第１図は従来のソート・マージ処理方式を示す
図、第２図は本発明のソート・マージ処理方式の
１例を説明する図、第３図は本発明を実施するた
めに必要な機器構成を示す図である。Ｒ……入力データ・レコード群、γ……入力デ
ータ・レコード、ST……ストリング、Ｂ……ブ
ロツク、AI……付属情報、１……入力フアイル、
２……処理装置、３……主記憶、４……作業フア
イル、５……出力フアイル。 Fig. 1 is a diagram showing a conventional sort/merge processing method, Fig. 2 is a diagram illustrating an example of the sort/merge processing method of the present invention, and Fig. 3 is a diagram showing the equipment configuration necessary to implement the present invention.
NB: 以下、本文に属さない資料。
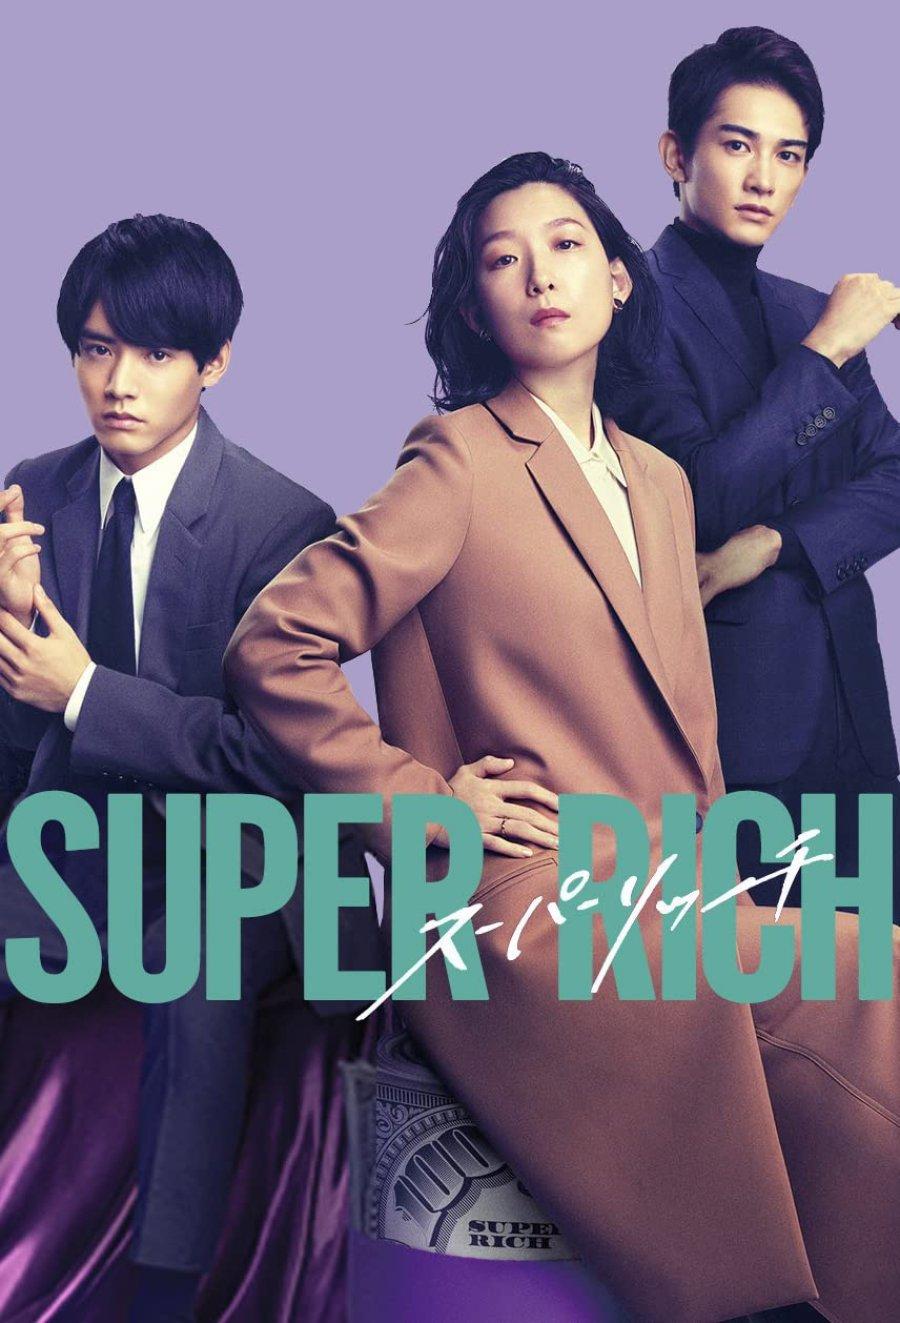 SUPER RICH (2021)

FIG. R...Input data record group, γ...Input data record, ST...String, B...Block, AI...attached information, 1...Input file,
2... Processing device, 3... Main memory, 4... Work file, 5... Output file.

Claims

【特許請求の範囲】１入力フアイルに格納されている入力データ・
レコード群を、処理装置、主記憶、直接アクセス
記憶装置上の作業フアイルを有する計算機でソー
ト・マージ処理し、ソート・マージされたデー
タ・レコードの列を出力フアイルに格納するソー
ト・マージ処理方式において、 (a) 上記入力フアイルに格納されている入力デー
タ・レコード群を順次に上記主記憶に読込み、
上記処理装置で以て処理することにより、上記
入力データ・レコード群を、データ・レコード
の集合である所の複数のブロツクに分割して上
記作業フアイルに格納すると共に、各ブロツク
毎に昇順もしくは降順に従い代表キーを選択
し、作業フアイル上のブロツクのアドレスと当
該ブロツクの代表キーで以てブロツク毎の付属
情報を作成し、作成された付属情報の集合を上
記作業フアイルに格納し、 (b) 作業フアイル上の付属情報の集合を上記主記
憶に読込み、上記処理装置で以て代表キーに従
つてソート処理し、ソート処理された付属情報
の列を上記作業フアイルに格納し、 (c) ソート処理された付属情報の列に従い、上記
作業フアイルよりブロツクを上記主記憶に読込
み、該ブロツクから主記憶上にデータ・レコー
ド列を生成し、次に読込まれた代表キーに基づ
いて上記データ・レコード列を２分し、２個の
部分列の内の所定の部分列を上記出力フアイル
に格納し、残された部分列と次に読込まれたブ
ロツクのデータ・レコードとをマージして、新
たなレコードとして主記憶上に生成することを特徴とするソート・マージ処理方式。[Claims] 1. Input data stored in the input file.
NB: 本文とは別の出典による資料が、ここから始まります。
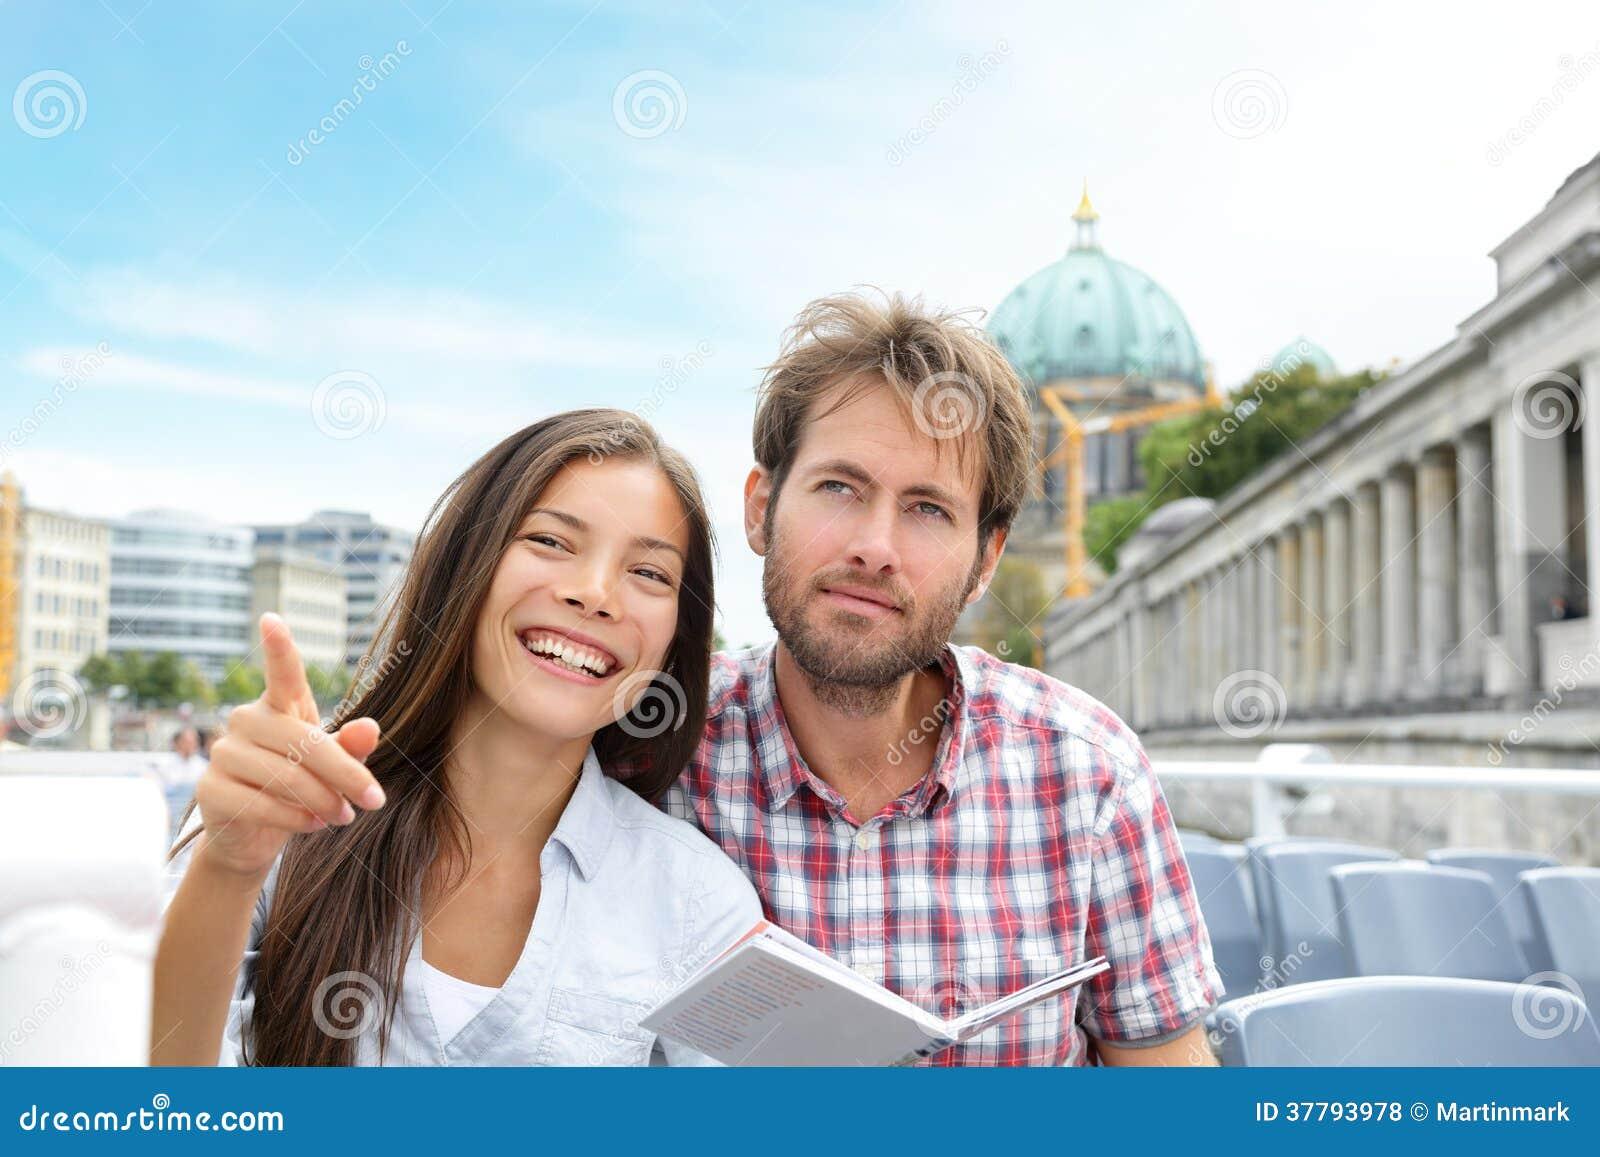 Asian dating berlin

A sort/merge processing method in which a group of records is sorted and merged by a computer having work files on a processing unit, main memory, and direct access storage, and the sorted and merged columns of data records are stored in an output file. (a) Sequentially read the input data record group stored in the input file into the main memory,
By processing with the processing device, the input data record group is divided into a plurality of blocks, each of which is a set of data records, and stored in the work file, and each block is sorted in ascending or descending order. Select a representative key according to the above, create attached information for each block using the address of the block on the work file and the representative key of the block, store the set of created attached information in the work file, (b) A set of attached information on the work file is read into the main memory, sorted by the processing device according to the representative key, and the sorted column of attached information is stored in the work file, (c) sorting. According to the processed attribute information column, a block is read from the work file into the main memory, a data record string is generated from the block on the main memory, and then the data record is generated based on the read representative key. Divide the column into two, store a predetermined subsequence of the two subsequences in the above output file, merge the remaining subsequence with the data record of the next read block, and create a new block. A sort/merge processing method characterized by generating records on main memory.